SOURCE DATA ▸
--

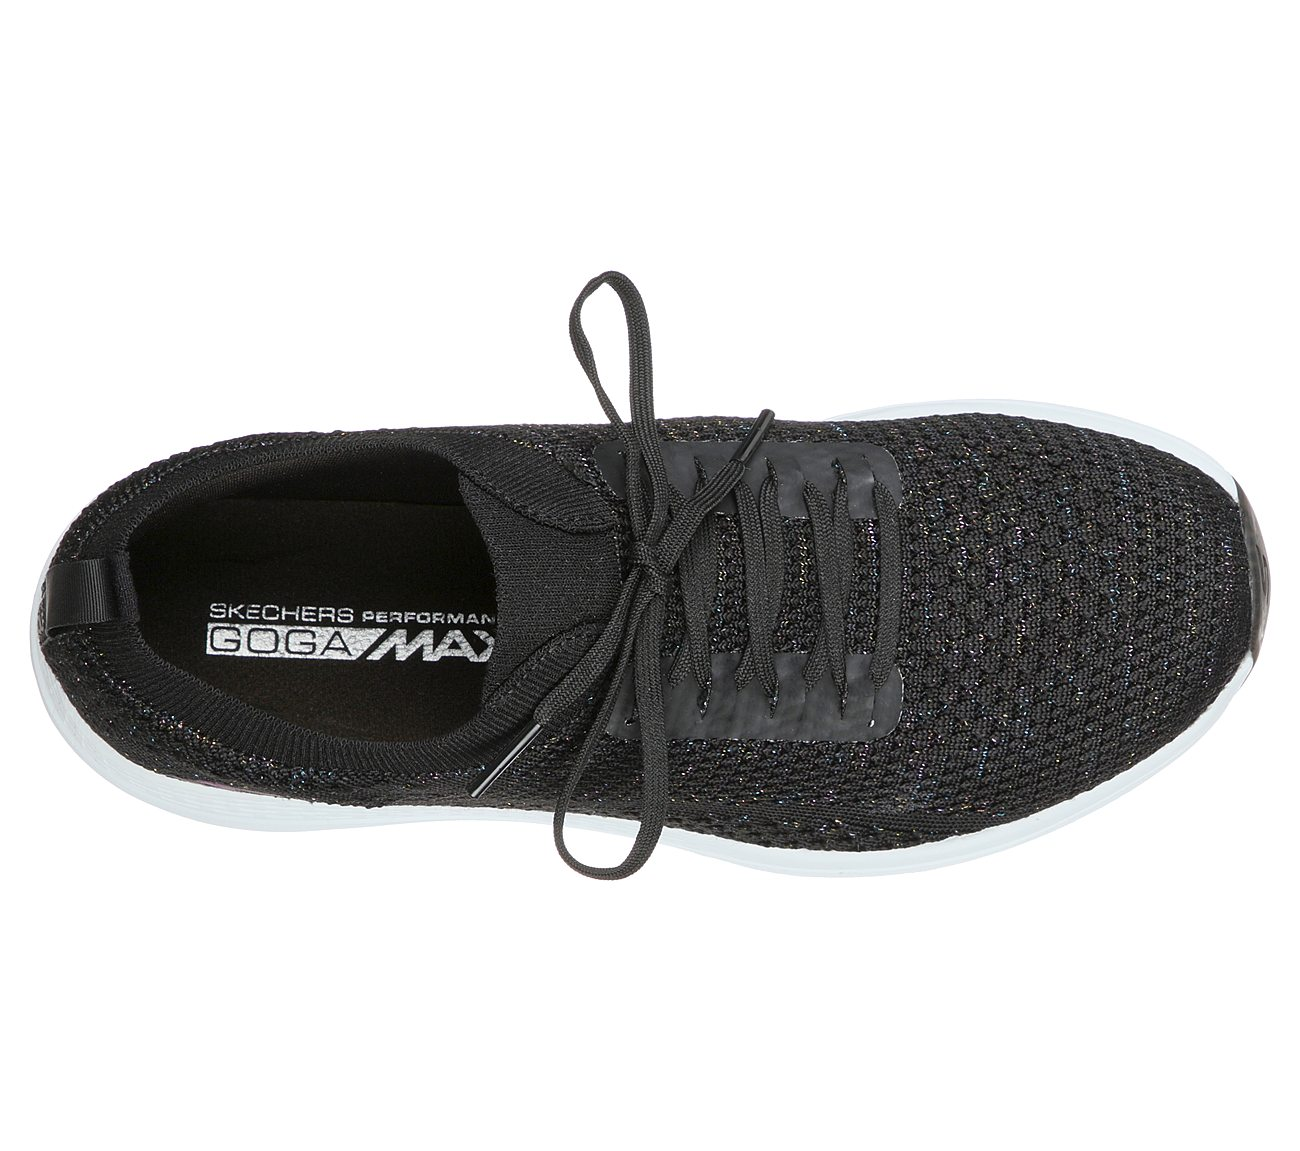 Skechers Women's Go Golf Max Glitter Black Golf Shoe
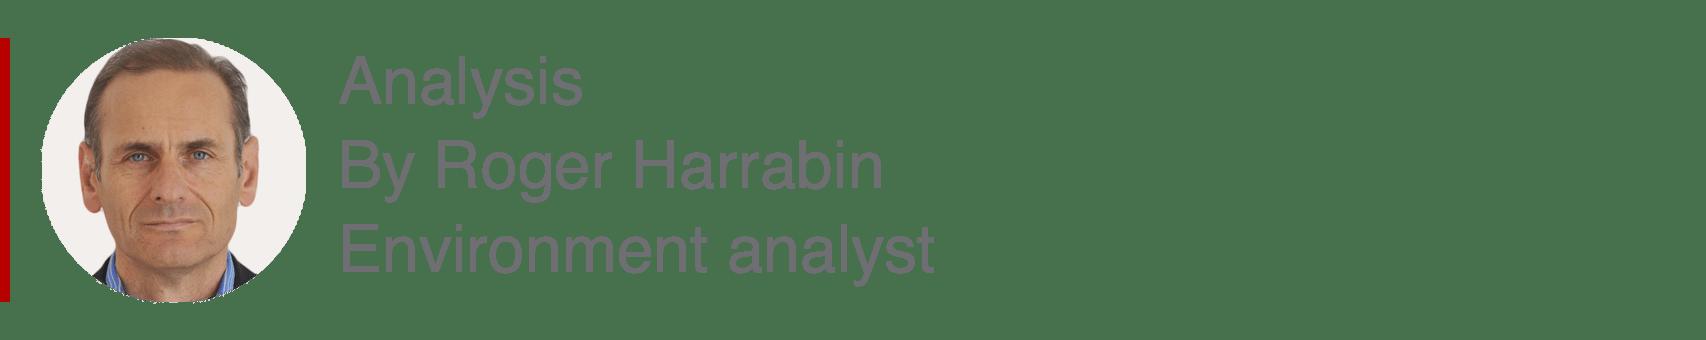 Analysis box by Roger Harrabin, Environment analyst
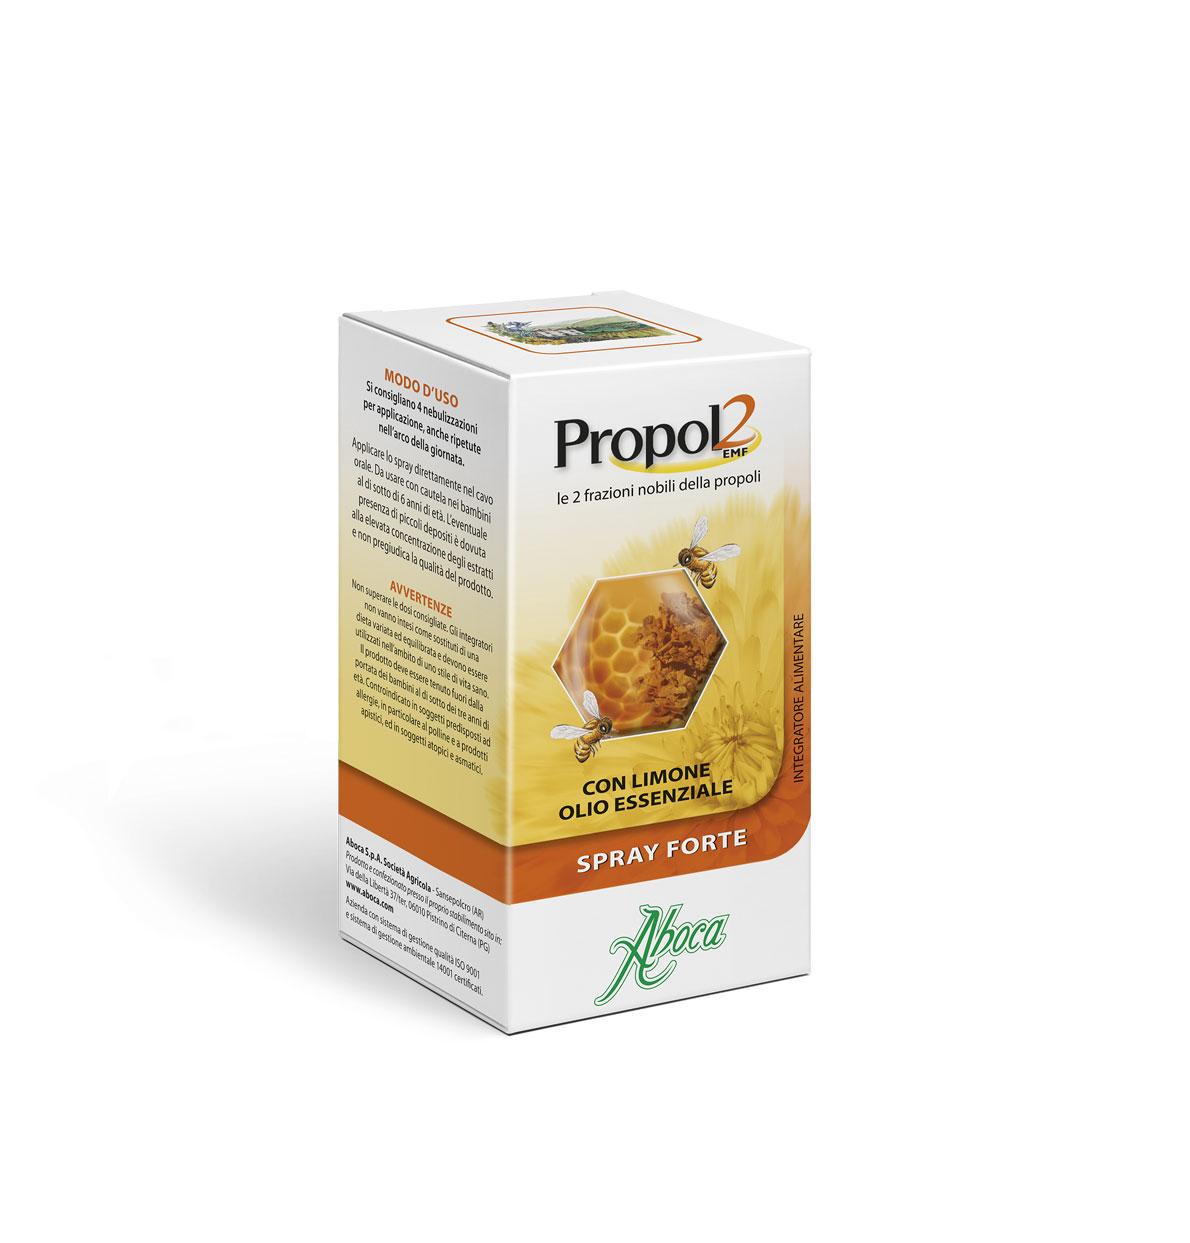 Propol2 Emf Spray Forte Aboca 30ml

--

YOUR GOAL ▸
Retype each line above exactly. Leave the images out.

SOLUTION FOR THIS TASK ▸
 Skechers Women's Go Golf Max Glitter Black Golf Shoe
 Analysis box by Roger Harrabin, Environment analyst
 Propol2 Emf Spray Forte Aboca 30ml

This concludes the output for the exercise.